Bir örnek görelim. Bir çocuğa yüzme öğretildiğinde, başlangıçta sadece suya girdiği için övülebilir. Daha sonra tekmeyi öğrendiğinde övülür ve vuruş yapmayı öğrendiğinde pekiştirme tekrarlanır. Son olarak, koordineli vuruş ve tekme hareketleriyle kendilerini suda ilerlettikleri için övgü verilir. Tüm sürecin sonucu, bir davranışın uygunluğudur.
Pekiştirme stratejisi
Günlük hayatımızda davranışlar sürekli olarak pekiştirilmez. Skinner, takviye sıklığının yeni bir davranışı ne kadar hızlı ve başarılı bir şekilde öğrendiğinizi etkileyebileceğini keşfetti. Her biri farklı zaman ve sıklıkta birkaç pekiştirme uygulama stratejisi belirledi.
Bu stratejilerden biri, belirli bir davranışın her sonucuna sistematik olarak belirli bir tepkinin uygulandığı sürekli pekiştirmedir. Sürekli pekiştirme hızlı öğrenme sağlar. Bununla birlikte, pekiştirme geri çekilirse, davranış hızla zayıflar ve tamamen kaybolur, bu da sönme olarak bilinir.
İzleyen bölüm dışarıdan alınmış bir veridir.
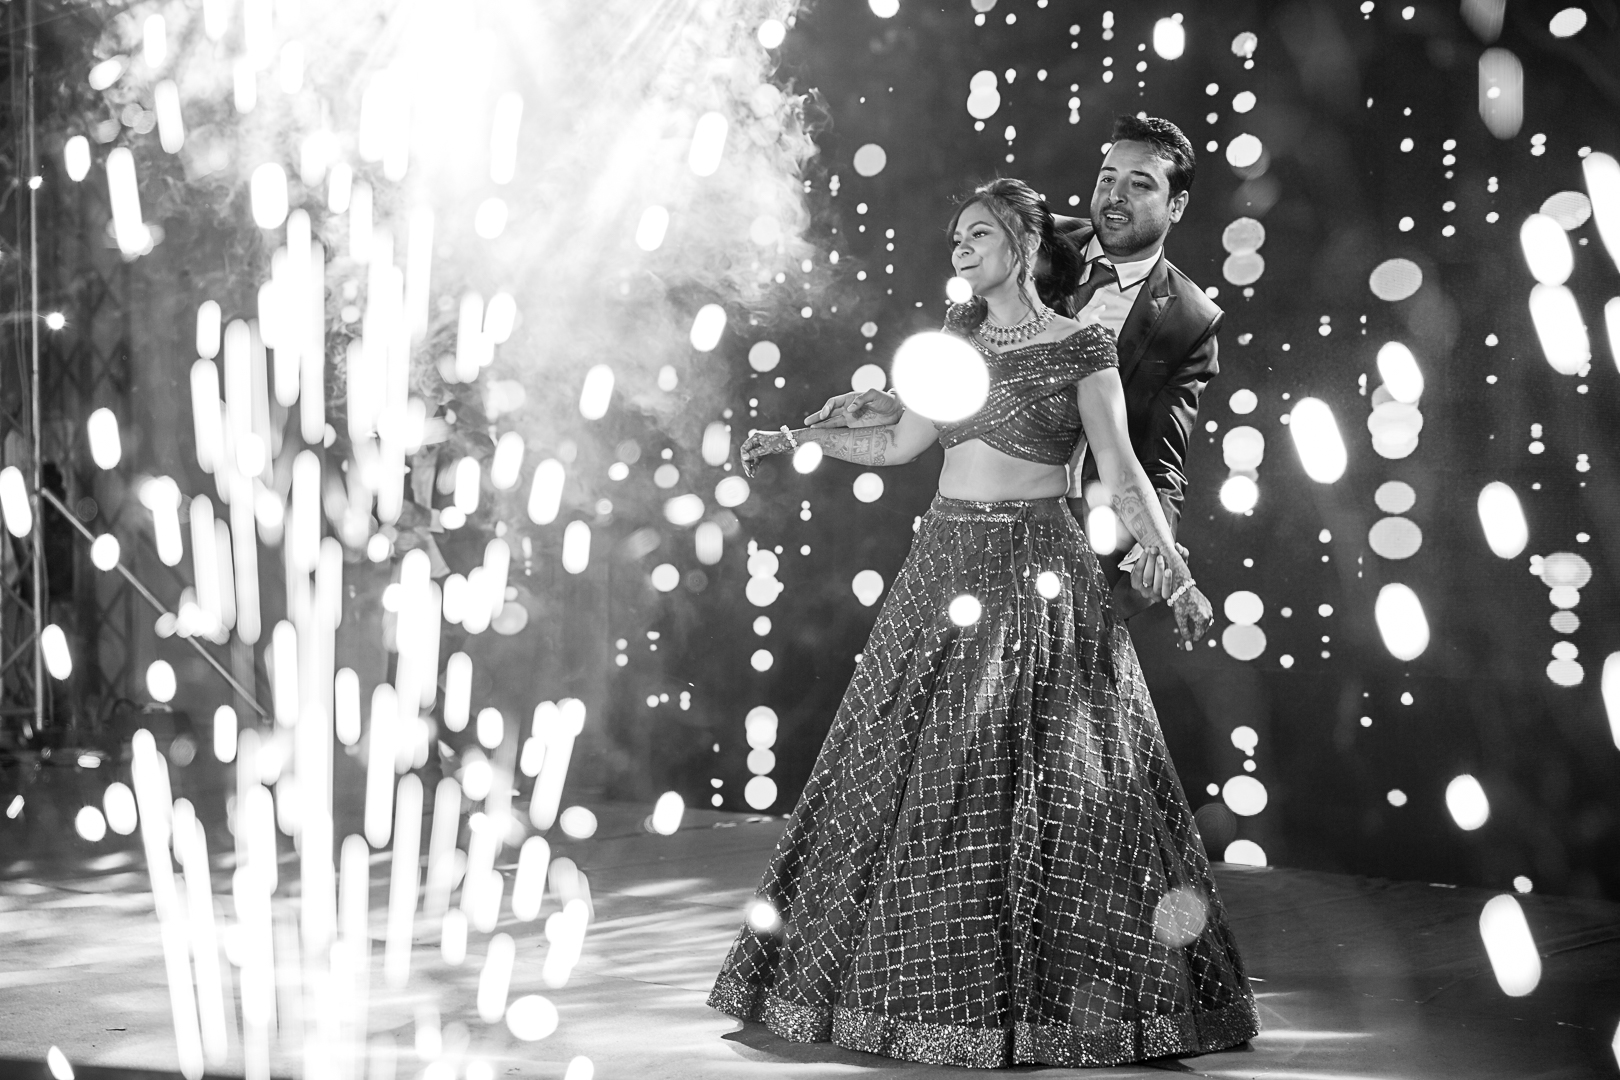 bnw shot of the couple dancing

Başka bir strateji, belirli sayıda yanıttan sonra davranışın pekiştirilmesinin verildiği sabit ödül oranıdır. Örneğin, bir çocuk ev ödevini beş kez tamamladığı için ödül kazanabilir. Bu tür bir stratejide, ödül verildikten sonra yanıt yavaşlar.
Değişken oran stratejisinde, belirli bir ödül elde etmek için yanıtların sayısı değiştirilir. Bu strateji, ödülü alma gereksinimindeki değişkenlik davranışı sürdürdüğünden, söndürülmesi zor olan iyi tepkiler üretir. Bu, slot makineleri tarafından kullanılan güçlendirme stratejisidir.
Sabit aralıklı pekiştirme stratejisi, belirli bir süre geçtikten sonra bir ödül atar. Saatlik emek tazminatı, bu tür güçlendirme stratejisine bir örnektir. Sabit oranlı stratejide olduğu gibi, ödül zamanı yaklaştıkça yanıt artar, ancak ödülü aldıktan sonra yavaşlar.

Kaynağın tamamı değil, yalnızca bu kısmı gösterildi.